Sábado, 2 de julho: o Ballet de Câmara, um dos amores da minha vida, ressuscita sempre. Estamos remontando o espetáculo "Quarteto", talvez a melhor síntese da trajetória desenhada pelo diretor artístico Antonio Bento para a companhia. Juntos há oito anos nessa empreitada, Antonio e eu já passamos por poucas e boas ao lado dos bailarinos: o grupo, que começou numa academia hoje extinta, não conta mais com uma sede para trabalhar. Por isso, passei o sábado correndo atrás de uma sala de ensaios, fundamental para seguirmos em frente. Ainda não consegui, mas na manhã de segunda prossigo em minha busca. No minuto final, sempre demos sorte; por que há de ser diferente agora? Respiro fundo, acalmo-me e aguardo até amanhã, confiando sempre na boa estrela da companhia.

Domingo, 3 de julho: Sinto-me estranhamente feliz após conseguir colocar este blogue em dia. Principalmente depois de ter assistido, de manhã, ao show dos 90 anos do palhaço Carequinha, uma das grandes alegrias da minha infância.
Carequinha era o rei da garotada na TV Tupi, quando eu era criança. Cresci assistindo aos seus programas. Além dele havia o Fred, hoje falecido, e o Meio-Quilo, um anão que engatinhava sentado por todo o palco (aliás, minha irmã do meio, Lenita, quando pequena, engatinhava igualzinho a ele). Carequinha faz parte de uma geração de belos e inocentes palhaços, que encarnavam uma alegria pura, poética, infantil mesmo. Ainda me lembro do Piolim, grande pioneiro, e do Arrelia, falecido recentemente, além de uma gama de outros, desconhecidos, personagens dos circos mambembes que circulavam pelo interior. A figura do palhaço tem seu quê de poesia e de tragédia, de emoção que se alterna com alegria. Mas Carequinha, o maior, o mais próximo, o mais querido, tem lugar cativo no meu coração. Então assumi a criança que mora em mim e sentei na platéia, ao lado de um sem-número de crianças, pais, mães e avós. Em casa, antes de sair, agüentei firme as gozações da família. E daí? De quem é o sonho?
Começa o espetáculo, com números de ventriloquismo, malabarismo, contorcionismo (sim, isso mesmo!) e boas palhaçadas. Eis que surge o Carequinha, com seu microfone, suas musiquinhas e a mesma voz de sempre, muito firme a despeito da idade. As lágrimas escorrem e vejo que, de menina, não mudei muito. Continuo a ter fé nas pessoas, a ver a honesta beleza de alguém que desperta e conquista o carinho de crianças de qualquer geração. Apesar dos desenhos japoneses, das Xuxas e Angélicas, lá estavam no SESC muitas crianças moderninhas, e no entanto absolutamente seduzidas pelo bom e velho Carequinha!

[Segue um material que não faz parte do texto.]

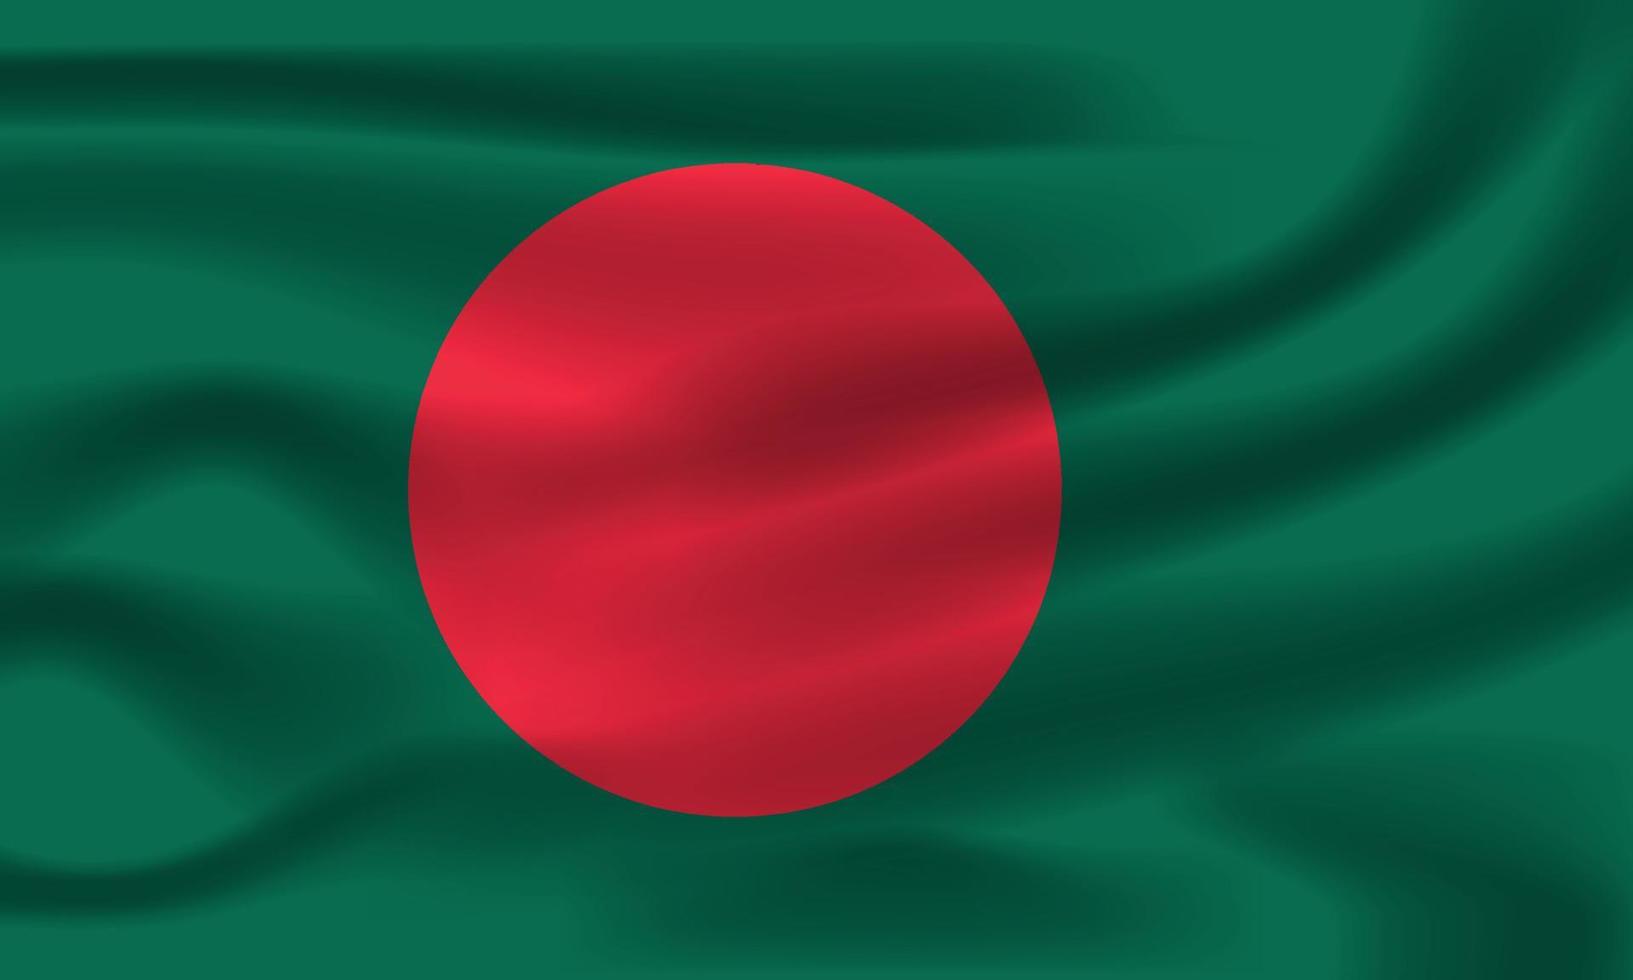 die realistische nationalflagge von bangladesch vektor

Penso no que há de belo e trágico na máscara do palhaço. No sorriso projetado e nos olhos que, mesmo anciãos, guardam o mesmo brilho, a mesma vontade, a mesma alma de artista. Penso no que há de grande em alguém como o Carequinha, que não desiste em seu traje de lamê colorido, na grande gola que ele mexe com os ombros, na bem-cuidada maquiagem, no chapéu e na expressão que tanta gente aprendeu a amar. E agradeço por estar ali, guardando seus 90 anos como um presente reservado a mim, unicamente a mim, há tantos anos, e só agora entregue.
Subimos no palco ao final, eu e a menina que sempre fui. E peço ao fotógrafo que o SESC contratou: "Bate uma foto minha com o Carequinha?" Da primeira vez, entro com todo mundo, já que ninguém quer mesmo sair de perto dele; mas resolvo ficar até o final e, depois que todas as crianças já saíram, consigo uma exclusiva. E digo a ele, orgulhosamente: "Carequinha, tenho 49 anos e sou sua fã desde pequenininha!" Ganho um abraço, um sorriso - e uma dádiva para sempre, eternizada na foto que certamente viverá num porta-retrato, com toda a pompa e circunstância, no melhor lugar que eu conseguir encontrar para ela.